Research projects

Feasibility study: Perinatal peer-peer storytelling project

Principal researchers

Dr Lisa Fodero, Dr Jacqui Poltera and Katrina Gray.

Institution

Health Consult Pty Ltd.

Funding

This project was funded under the National Perinatal Depression Initiative, which was a cost shared program between the Commonwealth and State and Territory Governments.

Award type

Request for proposal

Project completion year

2017

Project brief

Aim

This project aims to test the feasibility of a peer-to-peer storytelling model in reducing stigma associated with postnatal depression (PND) and increase help seeking behaviours amongst new mothers attending mothers’ groups.

Objectives

In order to test the feasibility of this intervention, the project sets out to achieve the following objectives:

  • Reduce self, personal and perceived stigma associated with PND in new mothers
  • Increase new mothers’ intent to discuss with others, and seek help for PND
  • Determine the acceptability of the intervention amongst new mothers and maternal and child health (MCH) staff
  • Identify the most/least effective intervention components, plus critical success factors & challenges
  • Determine the opportunity to embed the intervention session within existing MCH services
  • Determine the need and opportunity to enhance MCH nurses’ knowledge and skills in the management of PND through professional development activities.

Data analysis considerations

The project was delivered in a total of six mothers groups in three MCH sites, therefore the quantitative data presented about stigma and help seeking behaviours are not significant.

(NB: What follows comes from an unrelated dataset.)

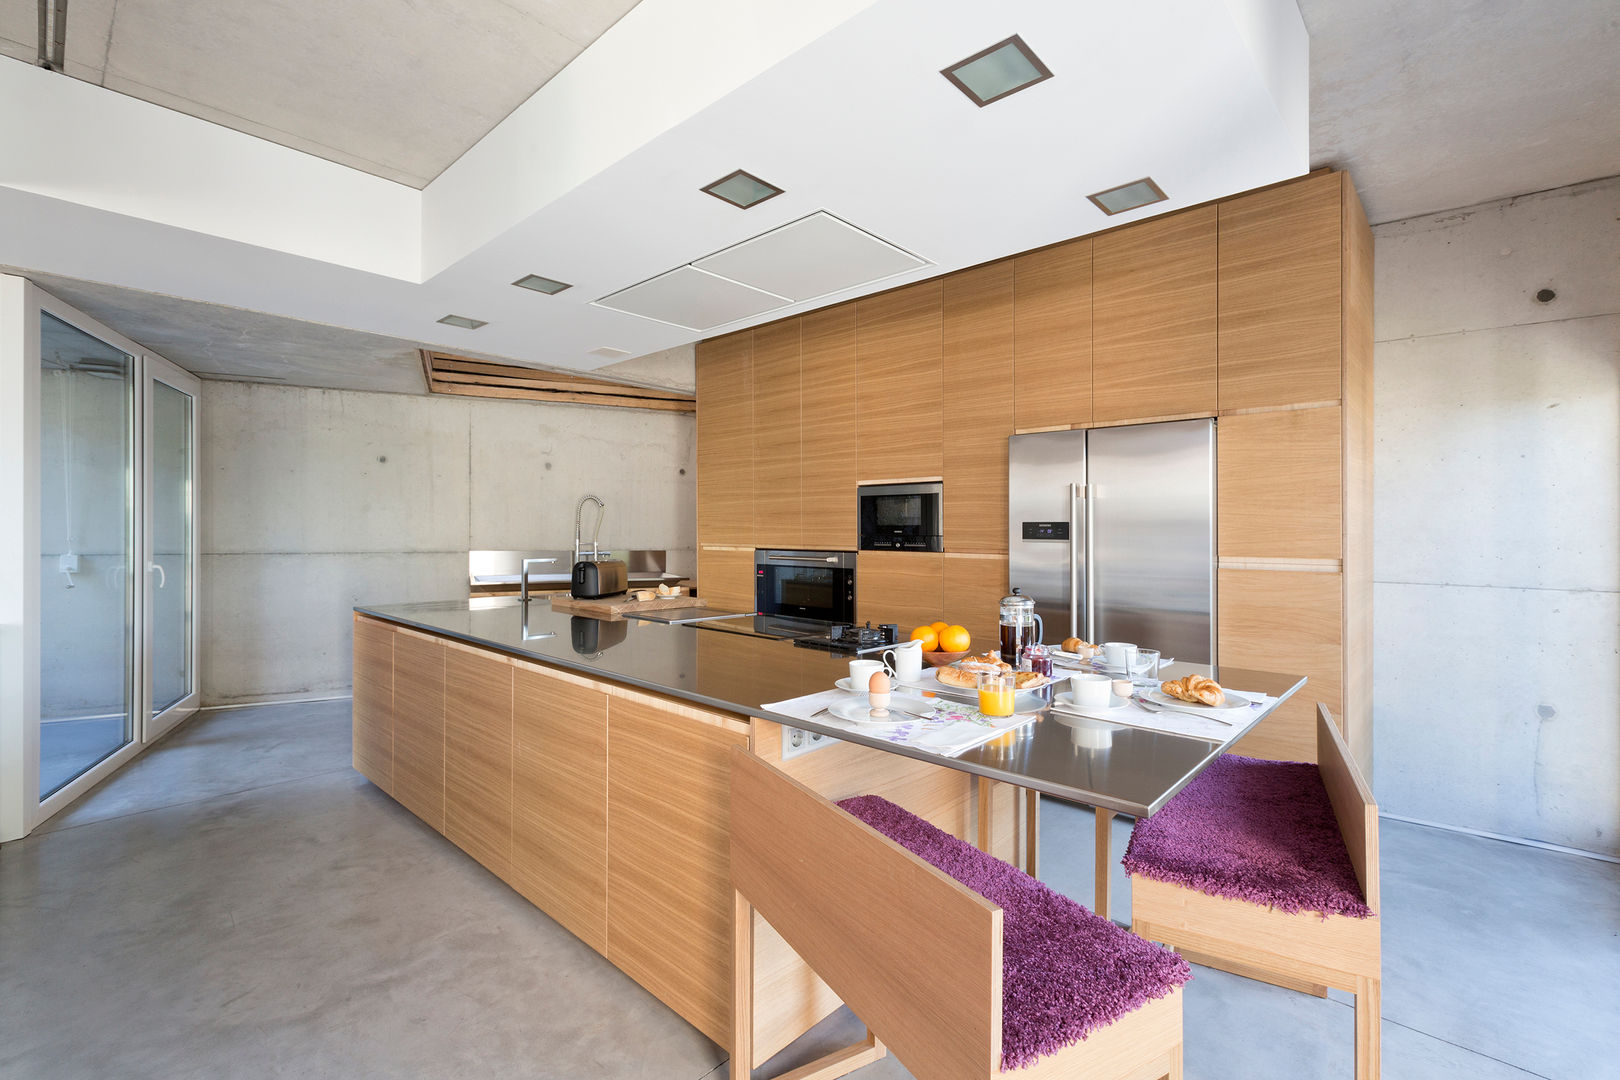 dezanove house designed by iñaki leite - kitchen Inaki Leite Design Ltd. مطبخ ألواح المطبخ

There were variations in the planning and delivery of the project across sites, which is likely to have affected the final results. These variables were:

  • Variable group dynamics across groups
  • Variable socio-economic demographics across groups
  • Variable levels of relatability between mothers and the speakers
  • Inconsistent session delivery by staff across sites
  • Inconsistent data collection by staff across sites.

Key findings 

Stigma and help seeking

  1. Our quantitative data suggested that following the control sessions, mothers had a reduction in self-stigma in all subscales (Shame, Self-blame and Help-seeking inhibitions). Following the intervention sessions, mothers increased in self-stigma in two subscales (Self-blame, Help-seeking inhibitions) and decreased self-stigma in one subscale (Shame).
  2. In both the control and intervention sessions, mothers increased in their willingness to seek help for personal and emotional problems and suicidal thoughts.

Reported benefits

  1. Mothers reported a number of benefits that came out of both the control and intervention sessions, which were: increased awareness of what PND is and what help is available; improved knowledge of the signs and symptoms; learned strategies to deal with PND; and gaining learnings from others’ experiences.
  2. There were additional benefits reported by those attending the intervention sessions such as: the speaker normalising the discussion about PND, which enabled mothers to open-up about their own experiences; and that the speaker providing real-life insights into their experiences of treatment, which helped mothers to manage their expectations about their journey to wellness.

Peer speakers

  1. Some mothers in the groups were not able to relate to the peer speakers. In regards to the relatability of the speakers, mothers thought that the speaker’s cultural and socio-economic background was less important than: the speaker’s ability to engage with the group; the closeness in the speaker’s age to group members; and for speakers to share fairly similar pregnancy dates with the mothers they’re speaking to.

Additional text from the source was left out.